### TO DO
Beginning at the line that contains "4 No presente", reproduce the entries below exactly, ending with the line that contains "Заказ портрета по". Omit each picture.

### PROVIDED INFORMATION
################

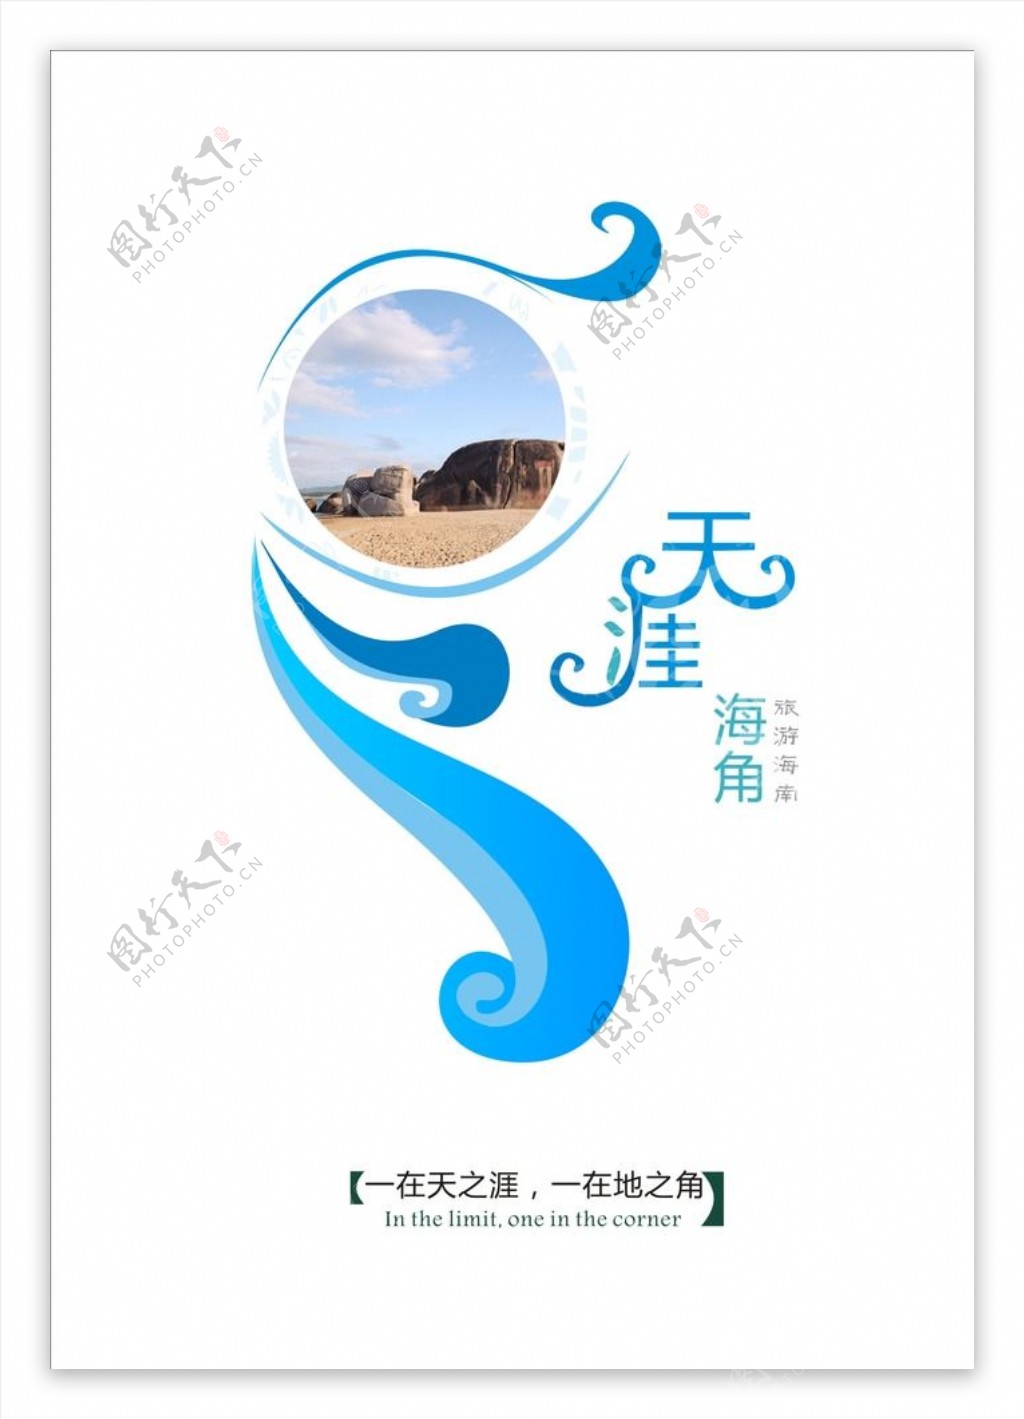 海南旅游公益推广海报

################

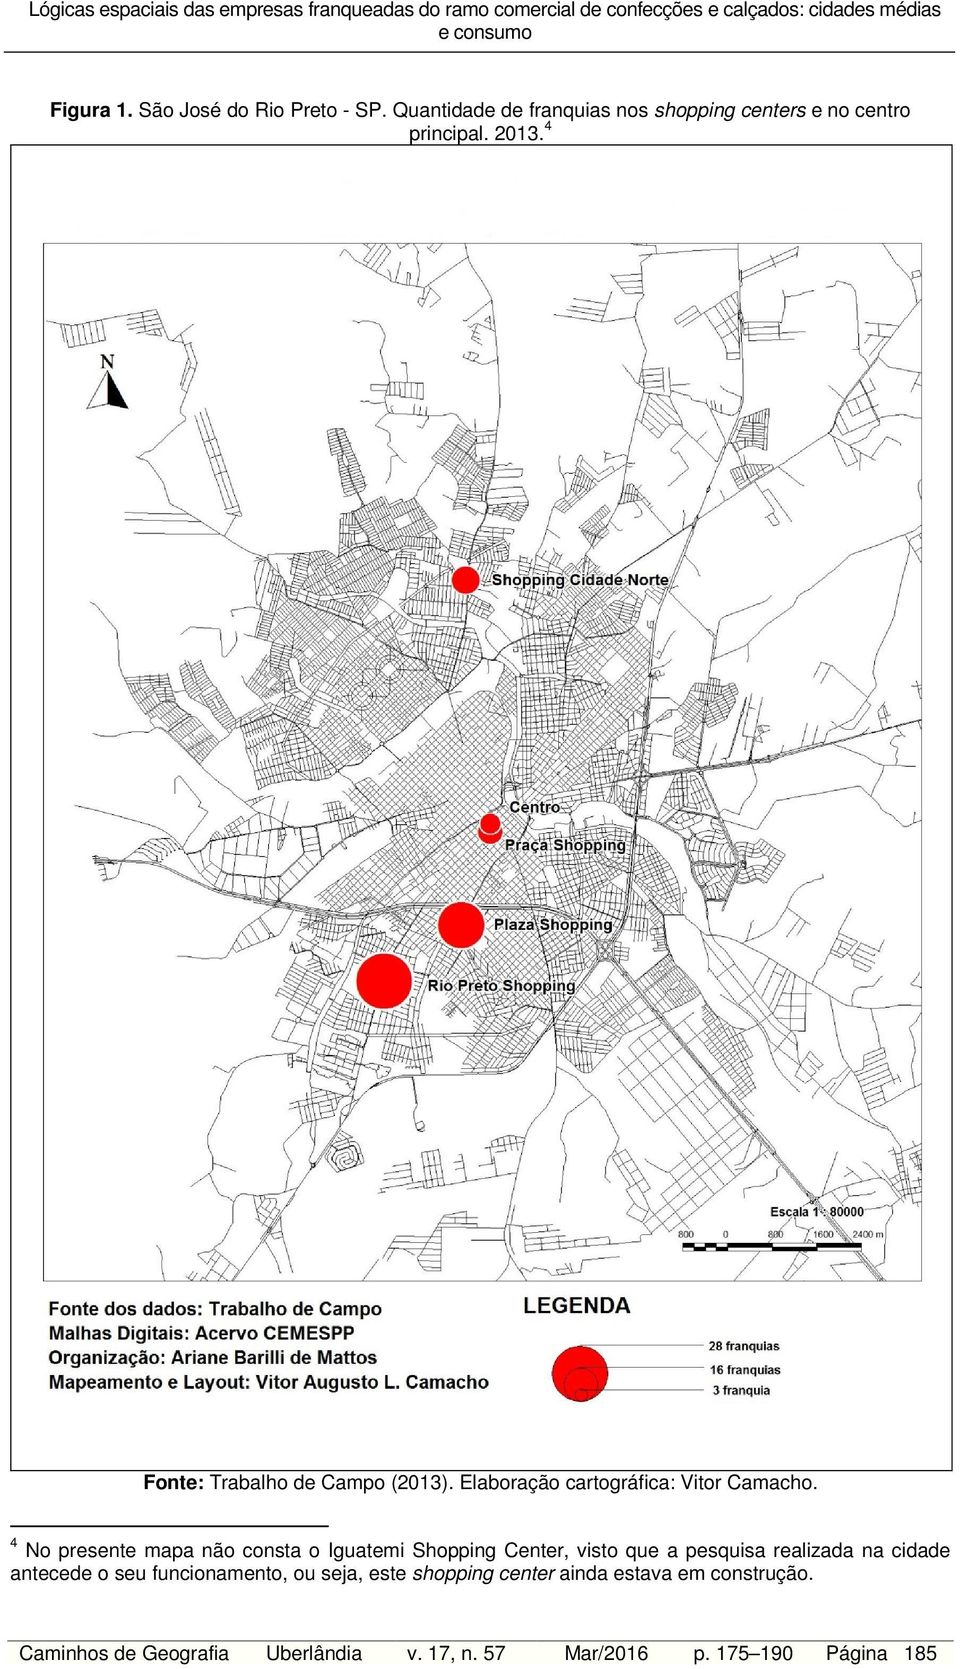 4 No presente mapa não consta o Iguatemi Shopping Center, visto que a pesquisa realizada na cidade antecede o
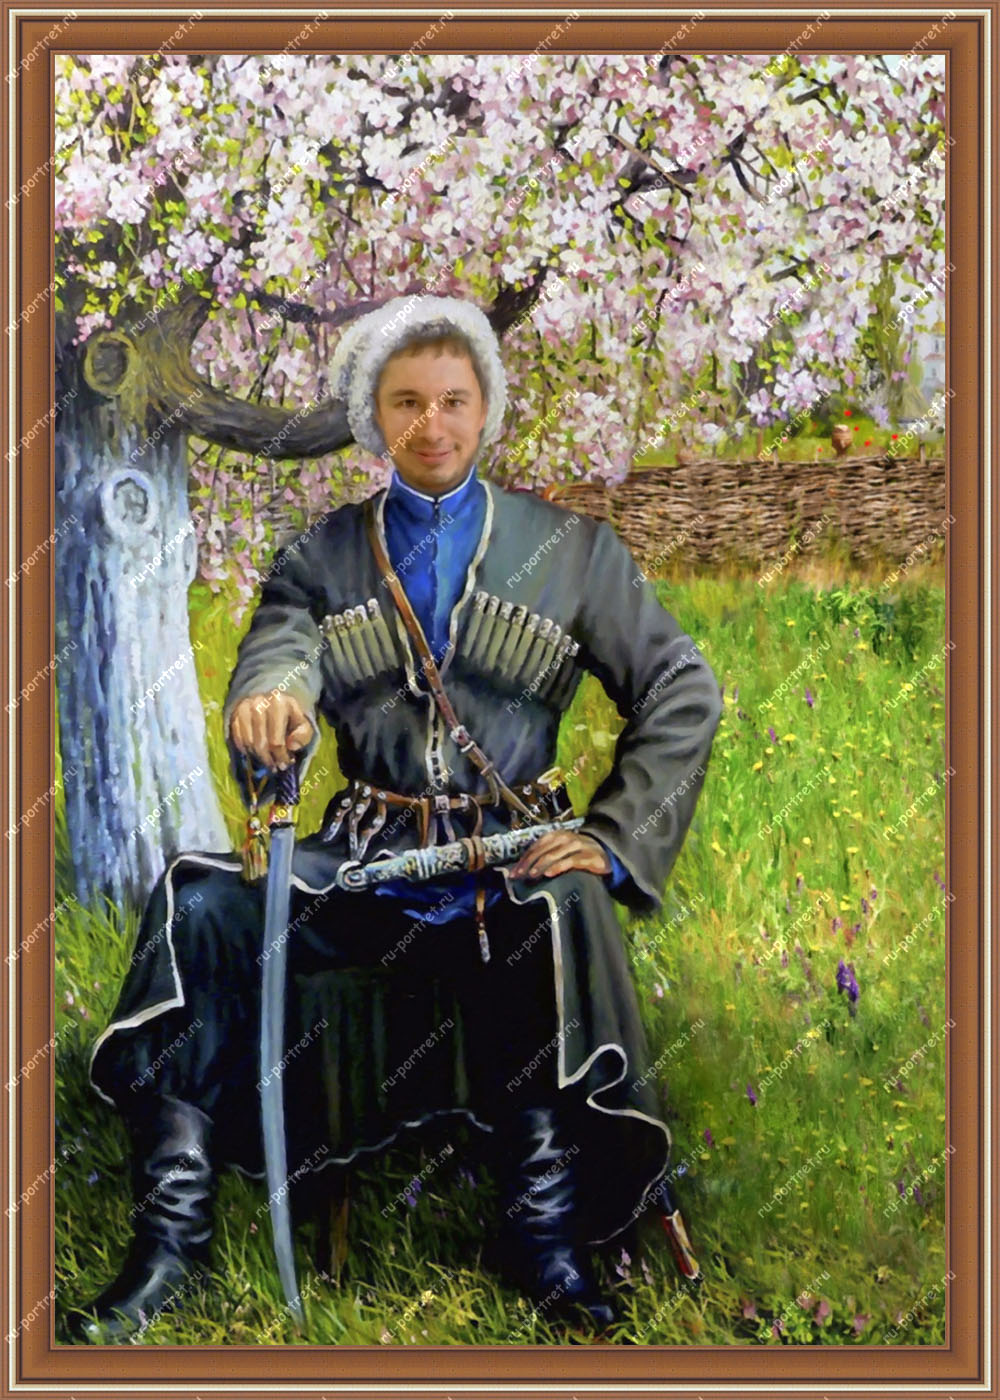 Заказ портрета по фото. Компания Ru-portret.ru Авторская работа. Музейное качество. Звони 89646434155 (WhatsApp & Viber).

################

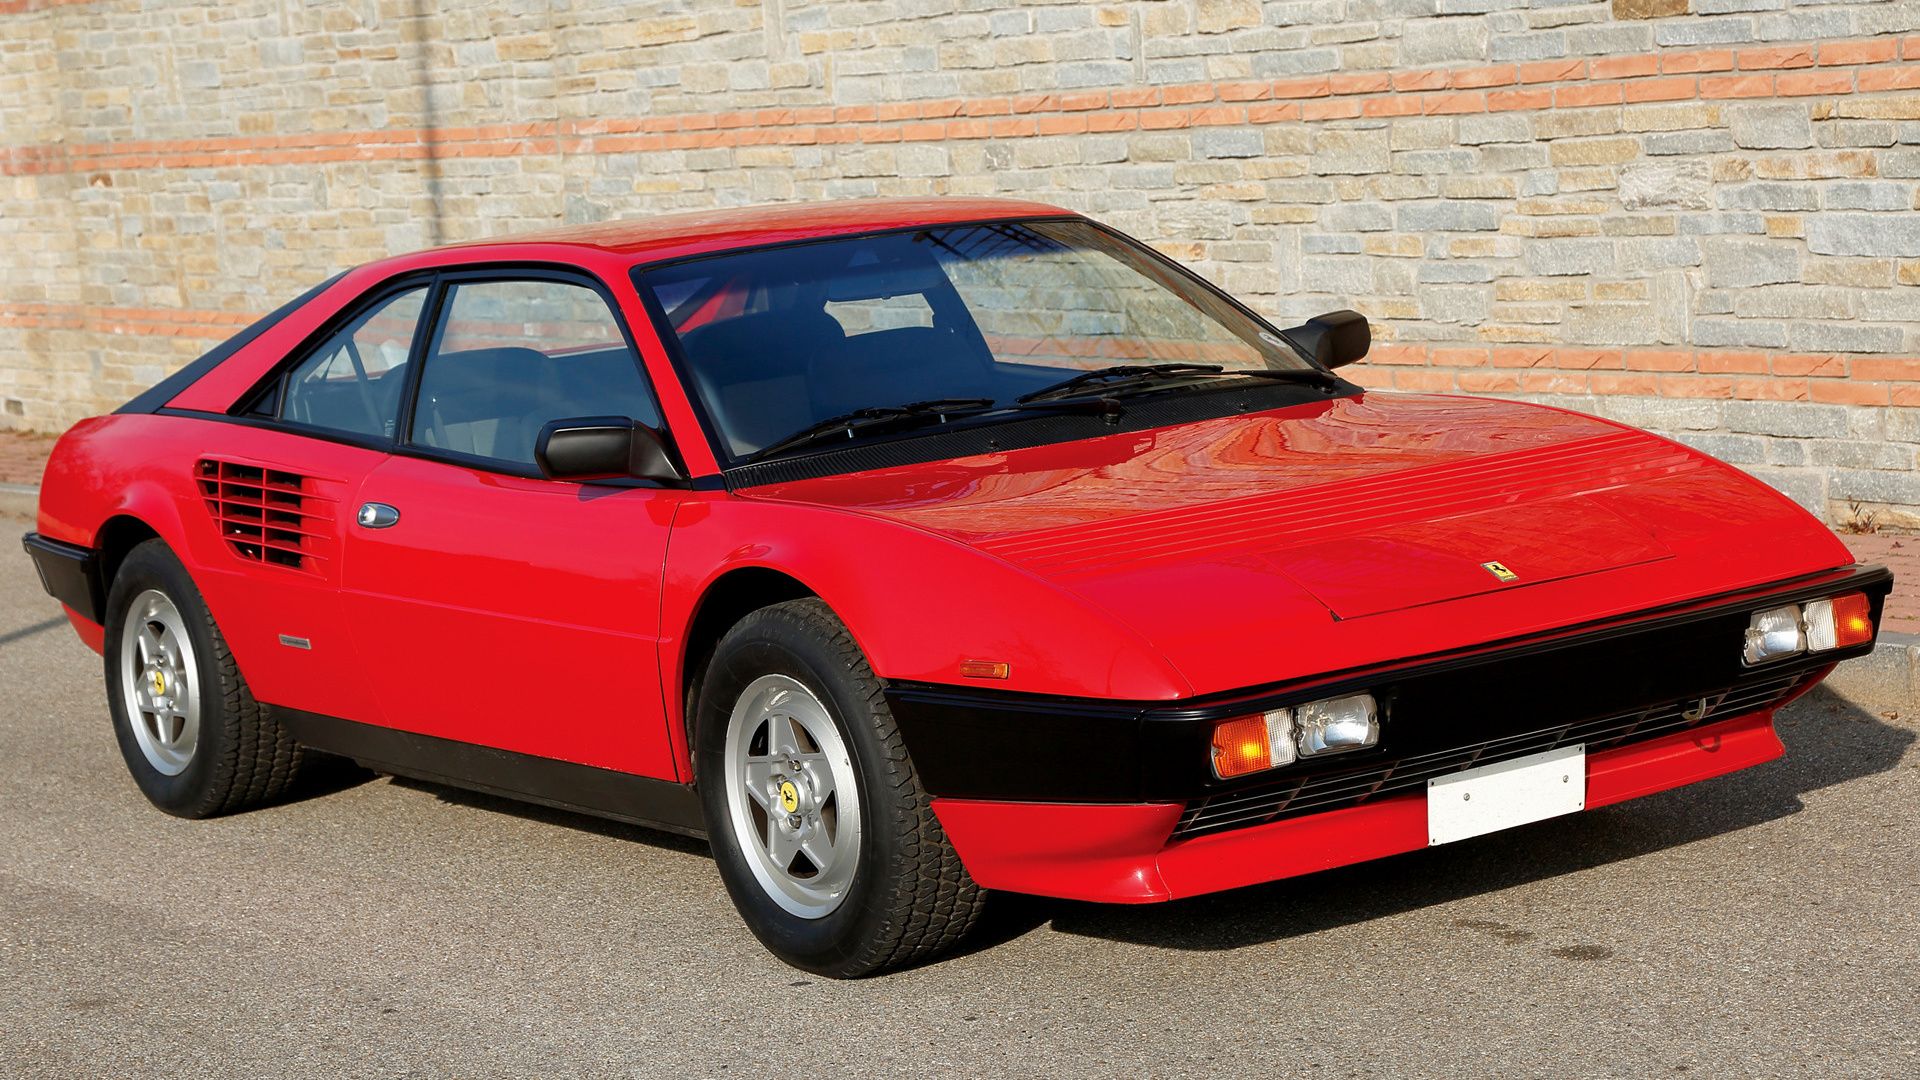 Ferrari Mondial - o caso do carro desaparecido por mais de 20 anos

################

### YOUR RESPONSE
 4 No presente mapa não consta o Iguatemi Shopping Center, visto que a pesquisa realizada na cidade antecede o
 Заказ портрета по фото. Компания Ru-portret.ru Авторская работа. Музейное качество. Звони 89646434155 (WhatsApp & Viber).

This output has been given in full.